Sabtu, 12 Mei 2012

Askum, Mikum, Astojim, dan lain-lain

بِسْمِ اللهِ الرَّحْمنِ الرَّحِيم

Ada yang menggelitik otak dan perasaan saya ketika membaca beberapa kata yang ternyata merupakan singkatan dari kalimat yang sangat baik dan bermakna. Meski sejak dulu sebenarnya saya sudah mengetahui singkatan-singkatan itu ada, ternyata ada beberapa yang saya anggap baru saya ketahui.

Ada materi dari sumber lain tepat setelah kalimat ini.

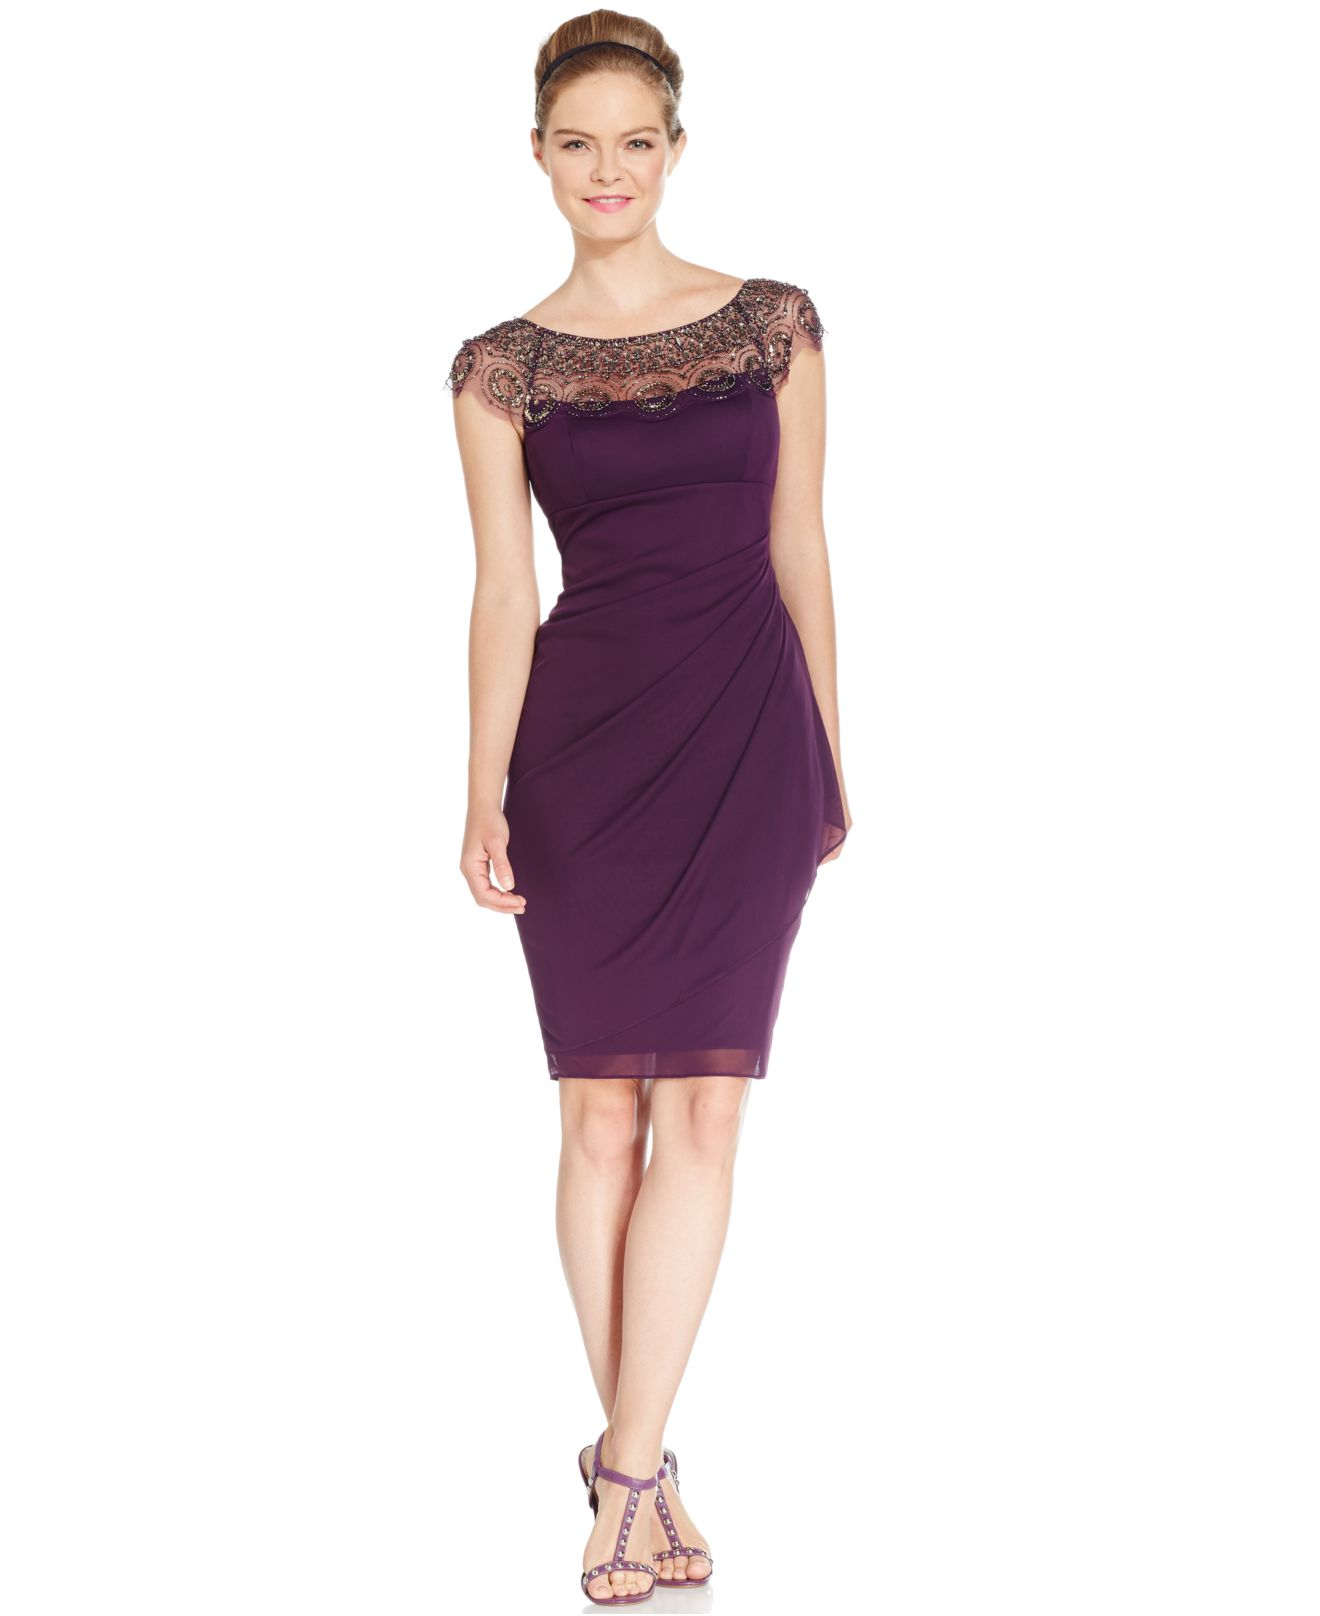 Xscape Cap-sleeve Illusion Beaded Dress in Plum/Antique (Purple) - Lyst

Beberapa kata tersebut misalkan “As”, “Ass”, “Ass Wr Wb”, “Askum”, “Akum”, “Mikum”, “Samlekum”, dan “Samlekom” yang merujuk pada “Assalaamu’alaikum” atau “Assalaamu’alaikum warahmatullaahi wabarakaatuh”. Tiga singkatan awal sudah saya ketahui sejak dulu, namun dulu saya tidak terlalu memikirkannya. Yang mengagetkan adalah yang sisanya, dan yang menambah kaget lagi adalah kata “Astojim” yang ternyata merujuk pada kalimat “Astaghfirullaahaladzim”. Saat pertama kali melihatnya, enam singkatan itu membuat saya spontan berkata, “Apaan nih?” agak keras saking terkejutnya.

Saya keheranan, ternyata ada orang yang setega dan sekreatif itu menyingkat kalimat yang bermakna menjadi tidak bermakna sama sekali. Yang menambah heran, ternyata ada yang mengikuti dan memakainya, dan lumayan banyak saya temukan di berbagai forum internet atau di facebook.

Mengapa saya bilang tidak bermakna? Karena memang tidak bermakna. Coba analisis, apakah “mikum”, “askum”, “samlekum” sama dengan “assalaamu’alaikum”? Makna “assalaamu’alaikum” adalah “Semoga keselamatan/kedamaian dilimpahkan/dicurahkan padamu”, makna “warahmatullaahi” adalah “dan rahmat Allah tercurah padamu”, dan makna “wabarakaatuh” adalah “dan berkah Allah tercurah padamu”. Makna yang bagus sekali kan? Dan juga termasuk doa yang sangat baik. Tapi, apa makna kata-kata yang dijadikan singkatannya? Zero. Apalagi kata “mikum”. Tidak ada “mi” satupun dalam “assalaamu’alaikum warahmatullaahi wabarakaatuh”. Dari mana munculnya “mi” itu???

Lalu, apa makna “astojim” yang disalahgunakan untuk menyingkat “astaghfirullaahaladzim”? “Astaghfirullaahaladzim” bermakna “Aku memohon ampun pada Allah”. Jadi arti “astojim” adalah zero juga.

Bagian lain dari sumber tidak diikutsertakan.